Syllabus ,DIP Digital Image Processing, old Question papers, Answers, important Question DIGITAL IMAGE PROCESSING, R13 Regulation, B.Tech , JNTUK,Syllabus, download,
Introduction: Origins of digital image processing, uses digital image processing, fundamental steps in digital image processing, components of an image processing system, digital image fundamentals, Elements of visual perception, light and electromagnetic spectrum, imaging sensing and acquisition, image sampling and quantization. Some basic relationships between pixels, an introduction to the mathematical tools used in digital image processing. Image Transforms: Need for image transforms, Spatial Frequencies in image processing, introduction to Fourier transform, discrete Fourier transform, fast Fourier transform and its algorithm, properties of Fourier transform. Discrete sine transforms. Walsh Transform. Hadamard transform, Haar Transform. Slant transforms, SVD and KL Transforms or Hotelling Transform
Intensity Transformations and Spatial Filtering: Background, Some basic intensity transformation functions, histogram processing, fundamentals of spatial filtering, smoothing spatial filters, sharpening spatial filters, Combining spatial enhancement methods, using fuzzy techniques for intensity transformations and spatial filtering. Filtering in the frequency domain: Preliminary concepts, Sampling and the Fourier transform of sampled functions, the discrete Fourier transform (DFT) of one variable, Extension to functions of two variables, some properties of the 2-D Discrete Fourier transform. The Basic of filtering in the frequency domain, image smoothing using frequency domain filters, Selective filtering, Implementation.

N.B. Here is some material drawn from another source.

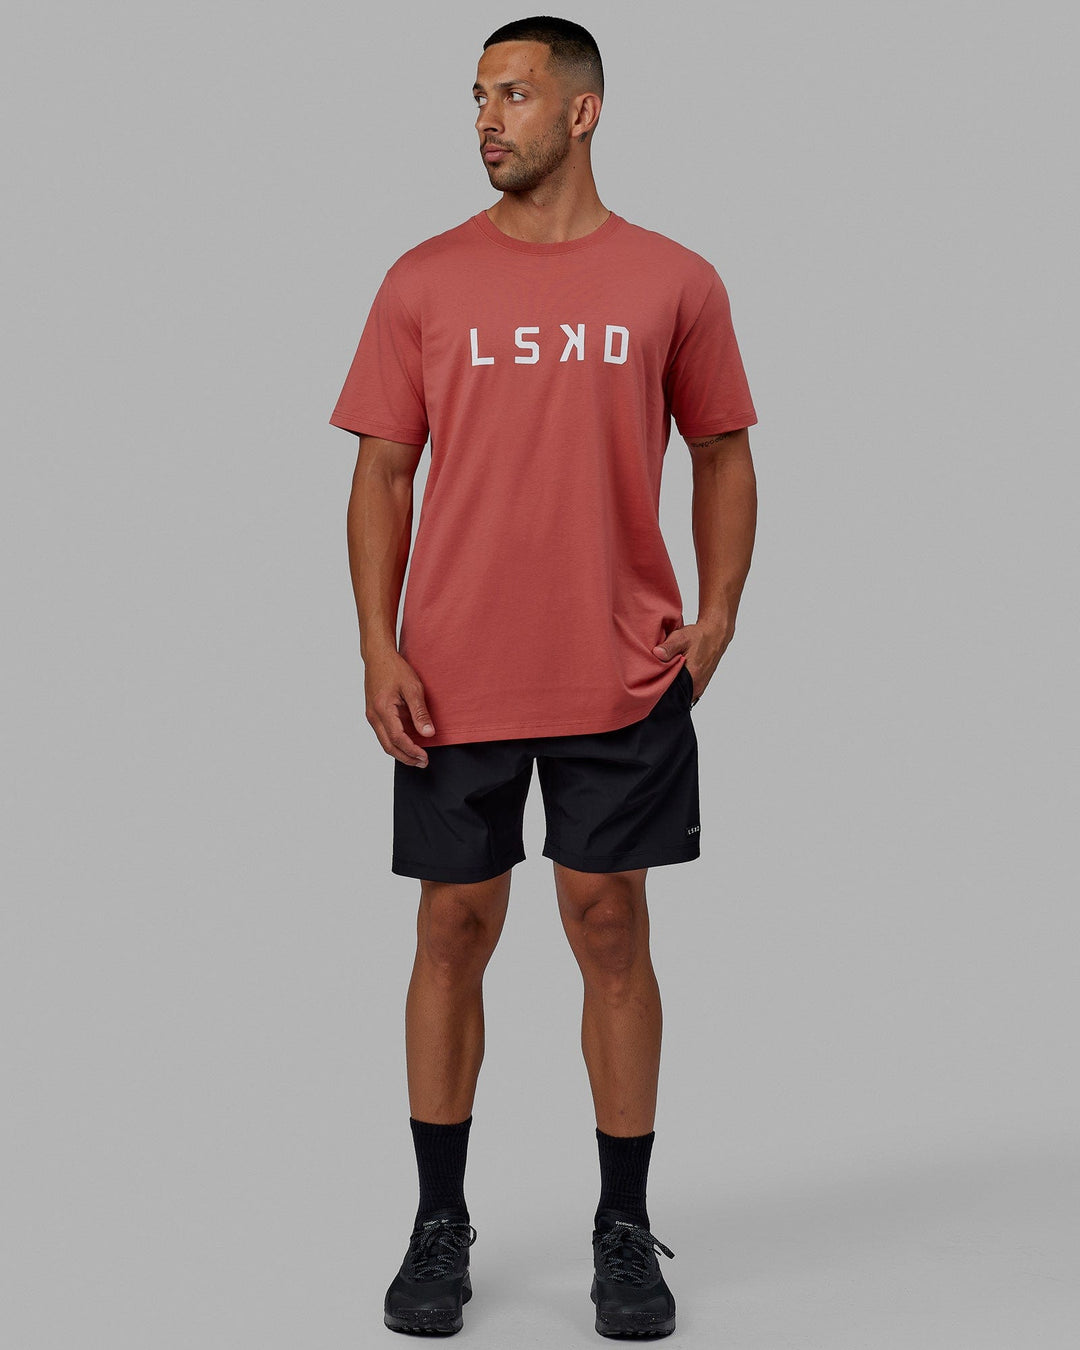 Structure Tee - Mineral Red-White

Image restoration and Reconstruction: A model of the image degradation / Restoration process, Noise models, restoration in the presence of noise only- Spatial Filtering, Periodic Noise Reduction by frequency domain filtering, Linear, Position –Invariant Degradations, Estimation the degradation function, Inverse filtering, Minimum mean square error(Wiener) filtering ,constrained least squares filtering ,geometric mean filtering ,image reconstruction from projections.
Color image processing: color fundamentals, color models, pseudo color image processing, basic of full color image processing, color transformations, smoothing and sharpening. Image segmentation based on color, noise in color images, color image compression.
Wavelets and Multi-resolution Processing: image pyramids, sub band coding & Haar transforms multi resolution expressions, wavelet transforms in one dimensions. The fast wavelets transform, wavelet transforms in two dimensions, wavelet packets. Image compression: Fundamentals, various compression methods-coding techniques, digital image water marking.
Morphological image processing: preliminaries Erosion and dilation, opening and closing, the Hit-or-miss transformation, some Basic Morphological algorithms, grey –scale morphology Image segmentation: Fundamentals, point, line, edge detection thresholding, region –based segmentation, segmentation using Morphological watersheds, the use of motion in segmentation.